Âlemlerin rabbi olan Allah(cc), kâinatı belirli bir dengede yaratmıştır. Yıldızlar, güneş, gezegenler ve galaksiler belli bir nizam içerisinde seyirlerine devam ediyor. Sular, yer ile gök arasındaki döngüsünü sürdürüp duruyor. Gece ile gündüz birbirini kovalarken mevsimler gelip geçiyor. Her sonbahar dökülen yapraklar, sararan otlar, çırılçıplak kalan ağaçlar her ilkbaharda yeniden canlanıyor, dallar yeniden filizlenip tomurcuklanıyor ve çiçek açıyor, yaz gelince afiyet ile yediğimiz meyveler ise dallardan ahenkle sarkmaya başlıyor. Ortalık bir renk cümbüşüne dönüşerek tarifsiz bir seyir zevkine kavuşturuyor bizleri.

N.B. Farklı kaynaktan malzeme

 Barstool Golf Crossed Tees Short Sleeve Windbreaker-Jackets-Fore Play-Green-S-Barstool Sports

Âlemleri ve insanı var eden Allah(cc),  her şeyi bir dengeye oturtmuşken onun kulları olan bizler, yaptığımız tüm işlerde belirli bir denge izlemek zorunda değil miyiz acaba? İşimizde, evimizde, ibadetimizde, birbirimizle olan ilişkilerimizde, dengeli bir çizgide yürümek zorunda değil miyiz?

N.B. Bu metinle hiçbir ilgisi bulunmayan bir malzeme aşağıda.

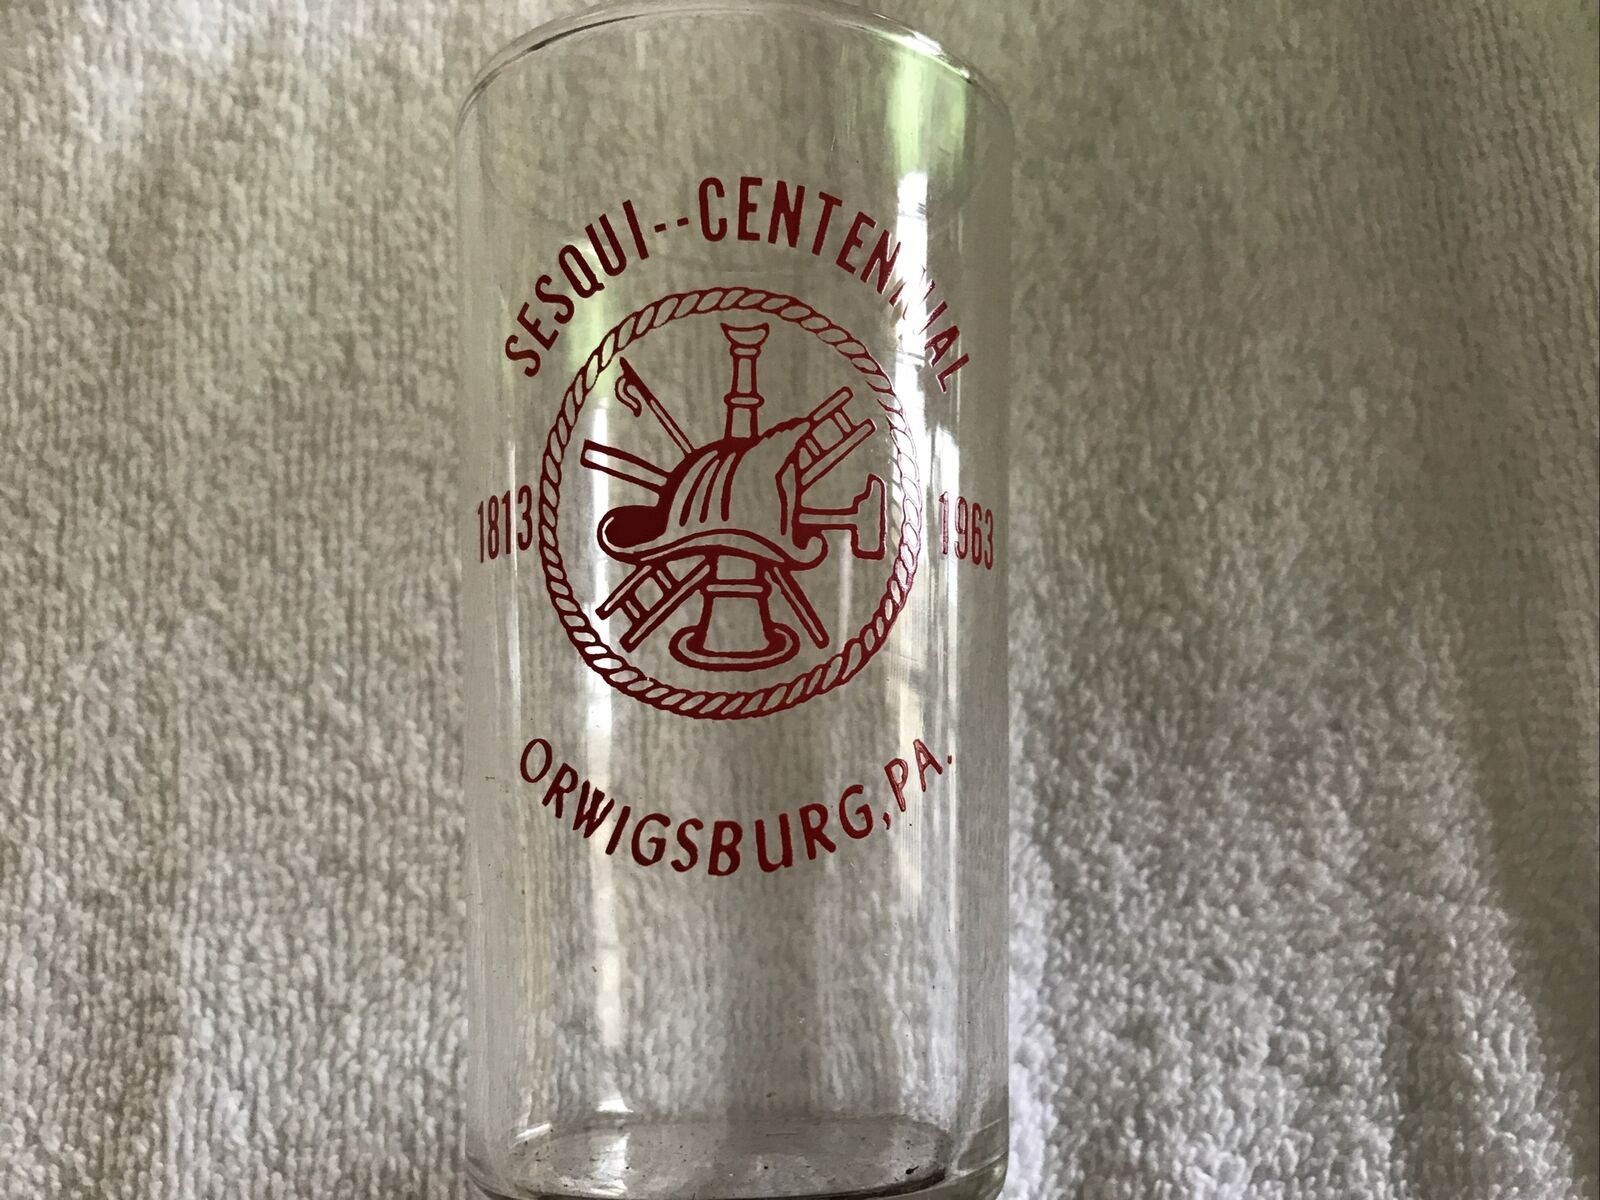 1963 VINTAGE SESQUI- CENTENNIAL SOUVENIR GLASS, ORWIGSBURG, PA.

Şüphesiz ki denge mevhumunu hayatına tatbik etmeyi başarabilen insan, erdemli insandır. Bu çizgide devam etmekse daha büyük bir erdemdir.
Her alanda olduğu gibi çocuklarımızın yetişmesinde de bu çizgiye dikkat etmeli ve dengeli bir yol izlemeliyiz. Bizleri kararlı gören çocuklar yaşamlarını bu yönde geliştirecek ve öyle de devam edeceklerdir. Ancak bizim kararlılığımız elbette ki menfi yönde olmalıdır. Yoksa kuru bir kararlılık ne bize ne çocuklarımıza bir fayda sağlamayacaktır.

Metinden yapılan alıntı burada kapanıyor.